Provinsi di Jawa ini Tidak mengharamkan Valentine? Wallahualam Bishawab



Status halal dan haram Valentine masih dalam perdebatan dan menjadi pembahasan rutin tiap kalender menjelang bulan Februari. Menurut kaidah ushul fiqih, semua aktivitas hubungan antarmanusia tidak haram, kecuali bila ada dalil yang secara qath’i (tegas) mengharamkannya. Karena itu, wajarlah bila Majelis Ulama Indonesia (MUI) DI Yogyakarta mengeluarkan fatwa bahwa perayaan Valentine yang biasanya diselenggarakan setiap 14 Februari itu tidak haram, kecuali bila disertai dengan perbuatan maksiat.

Majelis Ulama Indonesia (MUI) Daerah Istimewa Yogyakarta mengeluarkan fatwa tak haram bagi umat muslim merayakan hari kasih sayang alias Valentine.


Baca Juga: Pelaranagn Besar-besaran Valentine Dimulai

“Label haram akan diberikan jika dalam perayaan Valentine diwarnai dengan maksiat,” kata Sekretaris MUI DIY Ahmad Muhsin Kamaludiningrat, di Yogyakarta Sabtu, 12 Februari 2011.

Menurut dia, kategori haram bisa terapkan bila perayaan itu terdapat nafsu birahi yang bisa menimbulkan hasrat maksiat.
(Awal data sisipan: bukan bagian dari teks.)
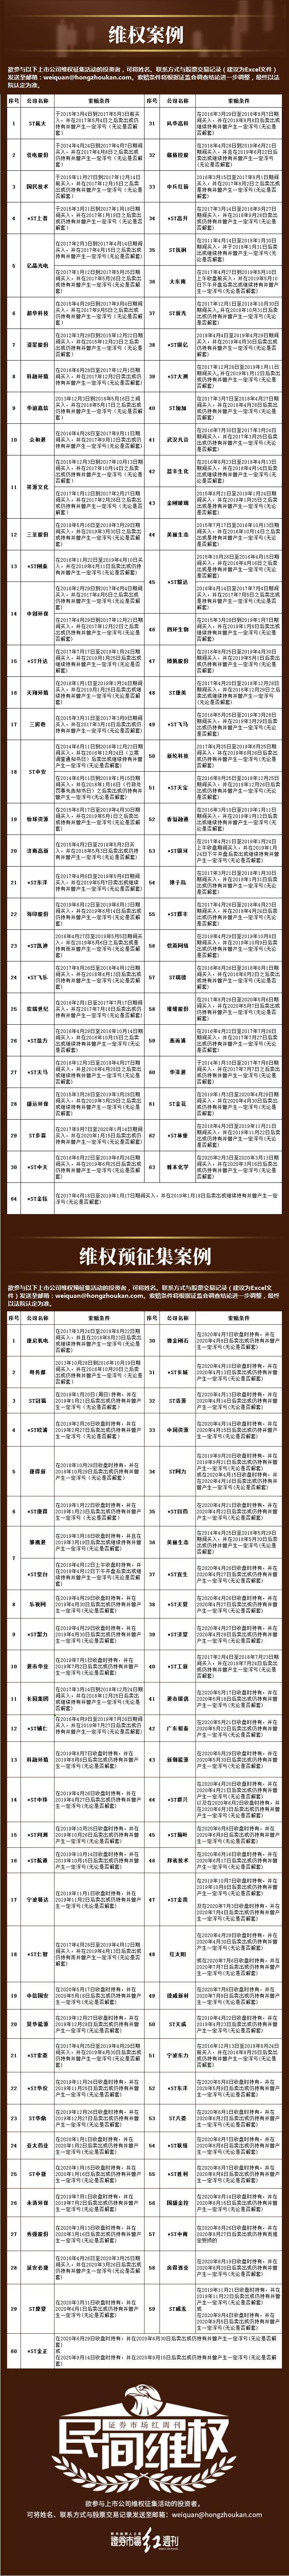 民间维权 | 广东榕泰就证监会立案调查进展进行说明
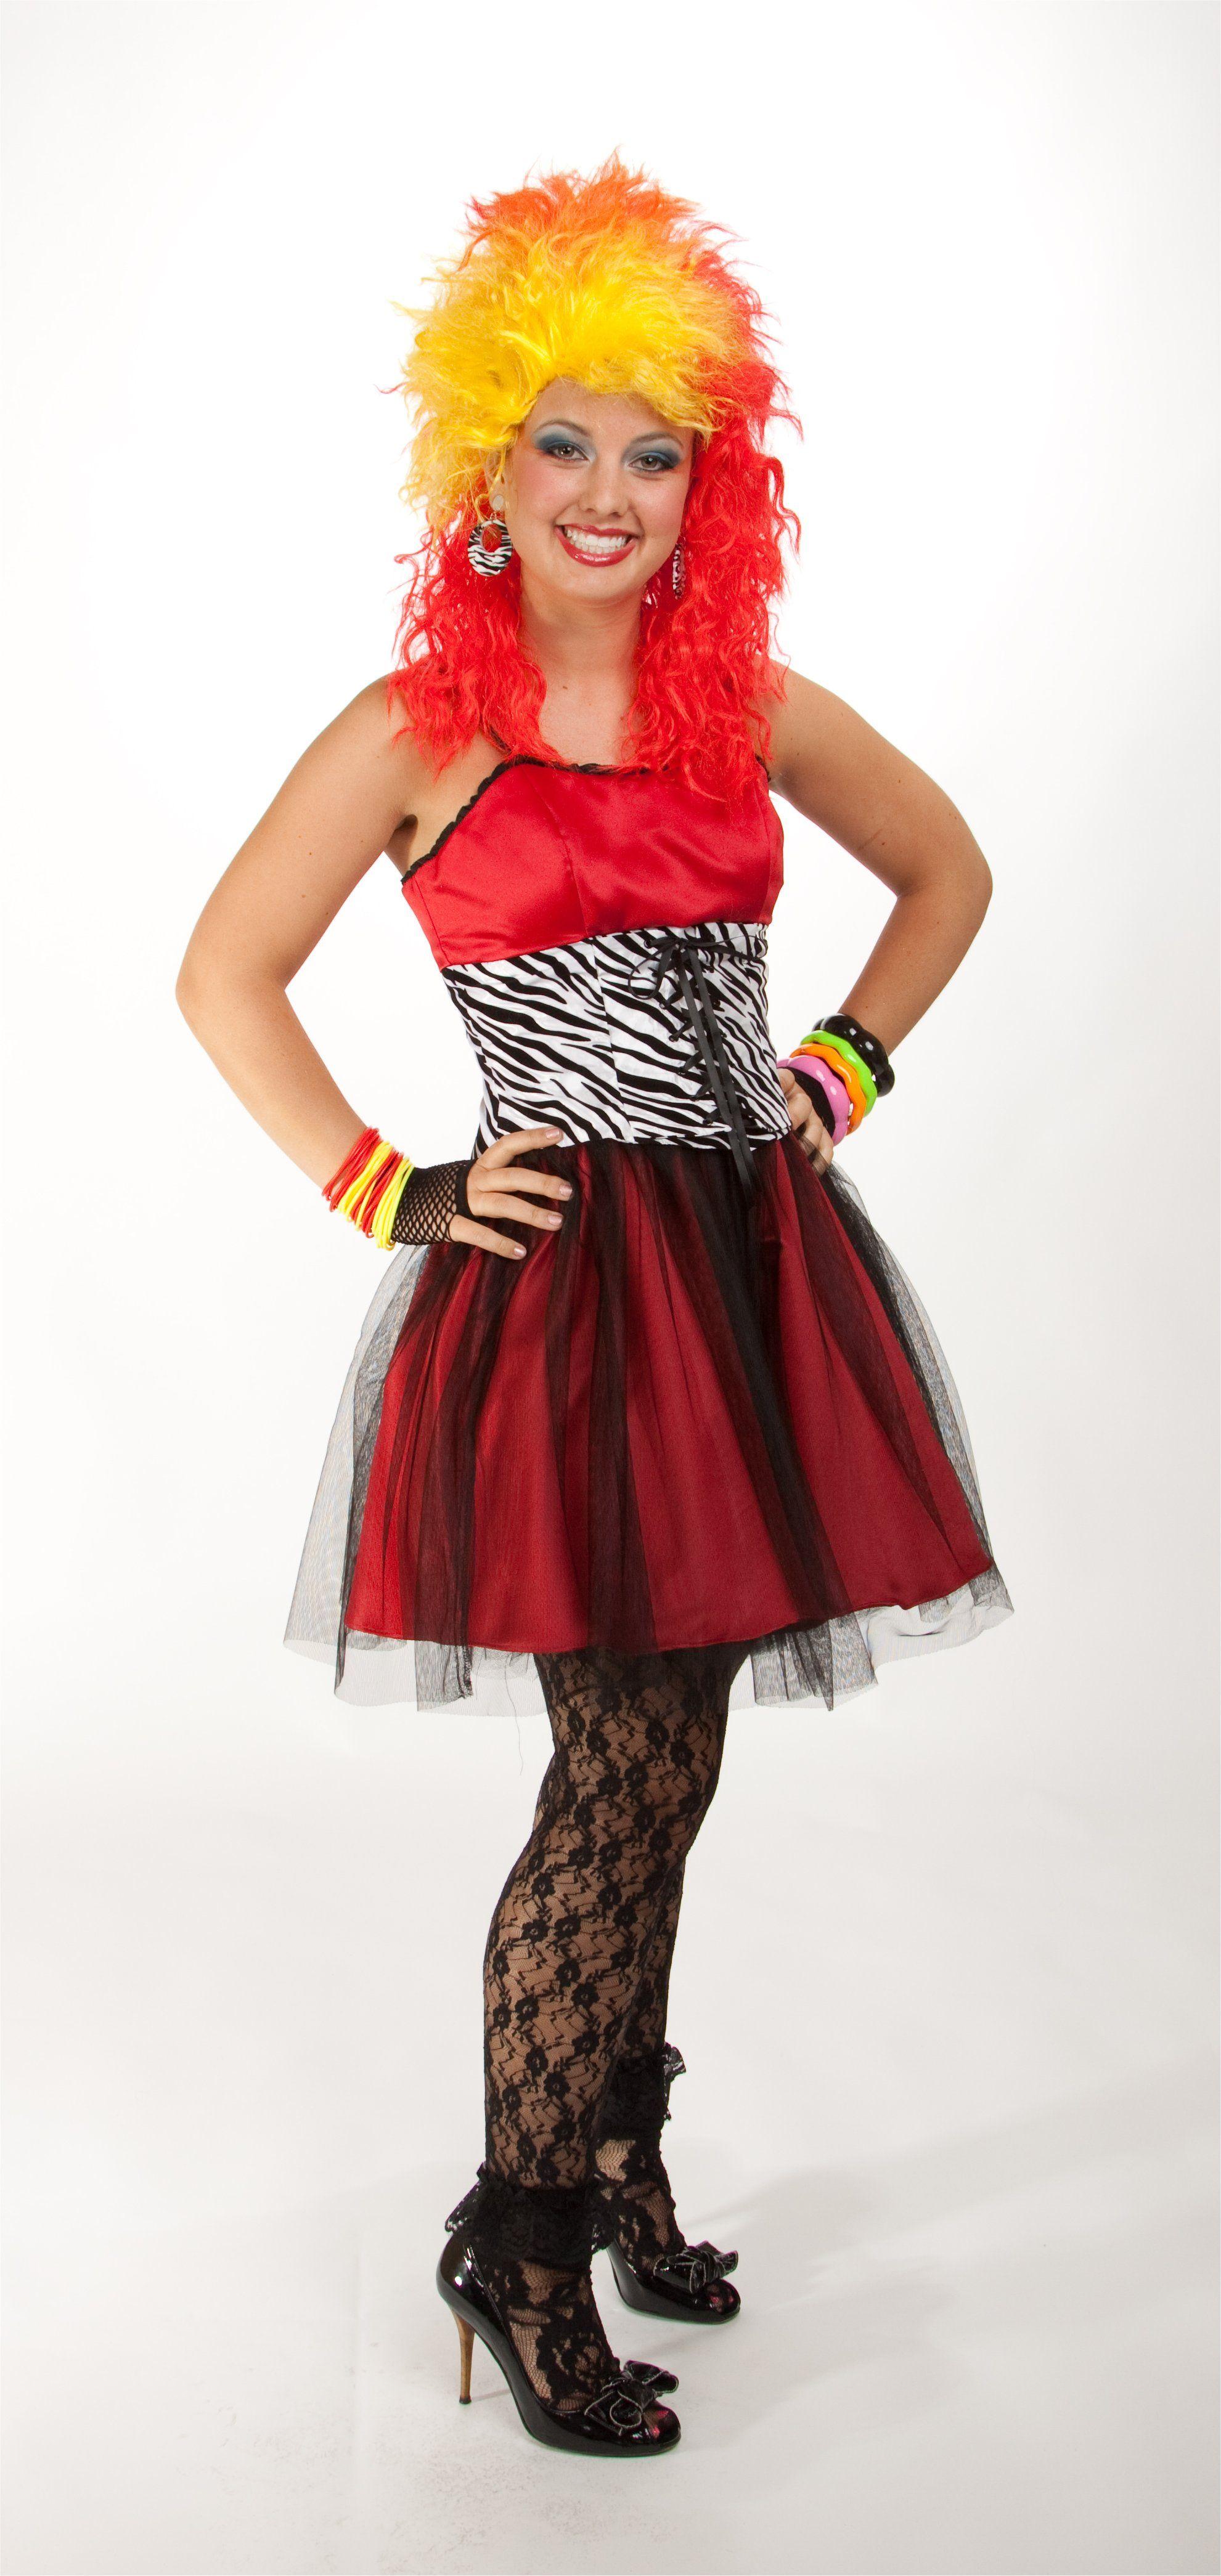 80s punk rock fashion women 2

Namun jika dalam perayaan dilakukan wajar, maka tidak haram.

“Memang tradisi Valentine yang berasal dari budaya Barat sering bertentangan dengan norma-norma Indonesia,” katanya.

Ahmad menjelaskan, dalam Islam sendiri, tak mengenal hari baik dan hari buruk. Semua hari adalah sama. Harus diisi dengan sesuatu yang postif. Memberikan tanda kasih sayang bisa dilakukan setiap hari.

MUI DIY, kata Ahmad, mengingatkan kepada kaum muda Yogyakarta dalam memperingati Valentine ini agar tidak terjebak tindakan negatif.